Supposedly, the evidence of this self-outing is found in Bell’s new book, Love Wins: Heaven, Hell, and the Fate of Every Person Who Ever Lived.

The book will not be officially released until later this month, but HarperCollins’s description of the book and Bell’s promotional video seem to warrant the accusations. I’m still hoping both are merely an attempt at provocative marketing.

I have not read the book. I have seen some of Bell’s video teachings and liked what I saw. If the accusations are true, my guess is that in his desire to reach those outside the church, Bell stretched so far he let go of the truths which had set him out after the lost in the first place.

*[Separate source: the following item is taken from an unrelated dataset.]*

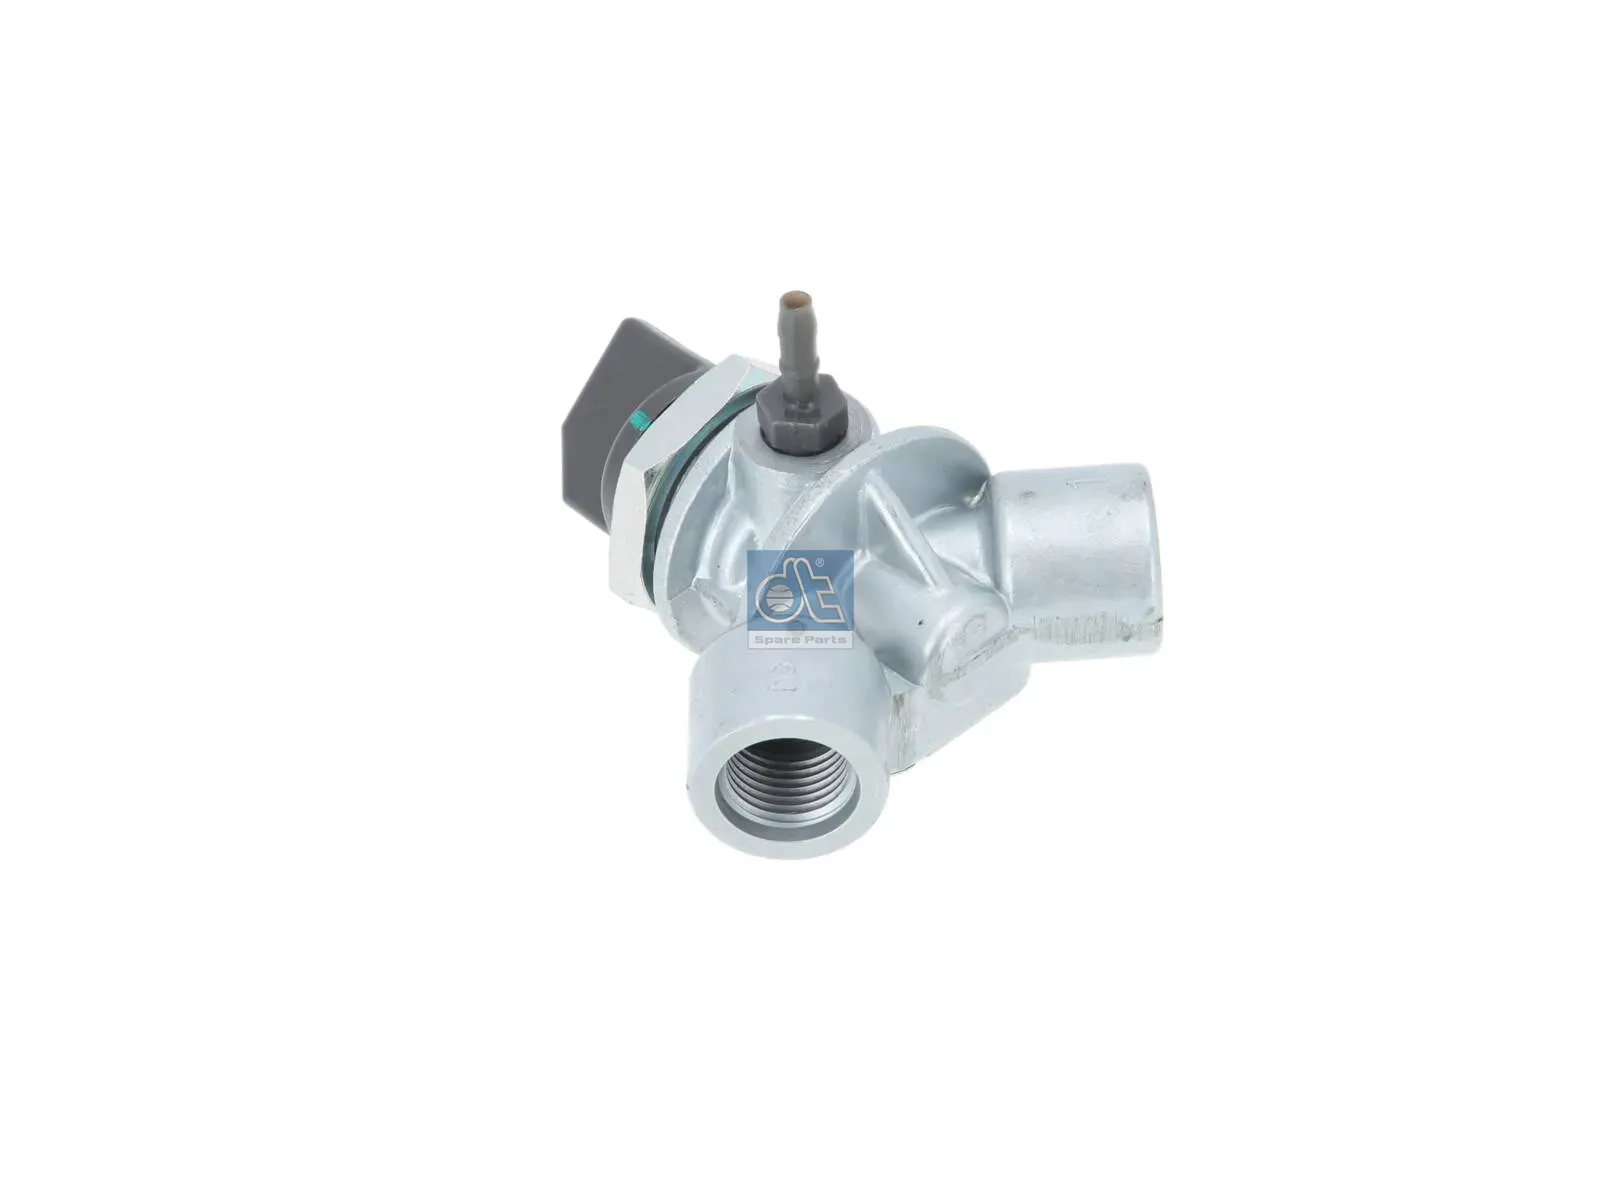 Multiway valve

If Rob Bell is now a Universalist or some flavor thereof, I’m confident he didn’t arrive at that view from a rigorous study of the Bible. Universalists rarely do. They get there by elevating their own sense of justice or empathy or reason over the authority of the Bible. “How could a loving God send people to Hell?,” they ask.

Or, they get there by wanting to appeal to those outside the church. And, make no mistake about it, Universalism is trendy. It fits well into the Post-Modern worldview of the younger generation.

Of course, it does no good to appeal to the lost if all you are selling them is a placebo. It does no good to go so far to the other side to find the lost that you lose your way back.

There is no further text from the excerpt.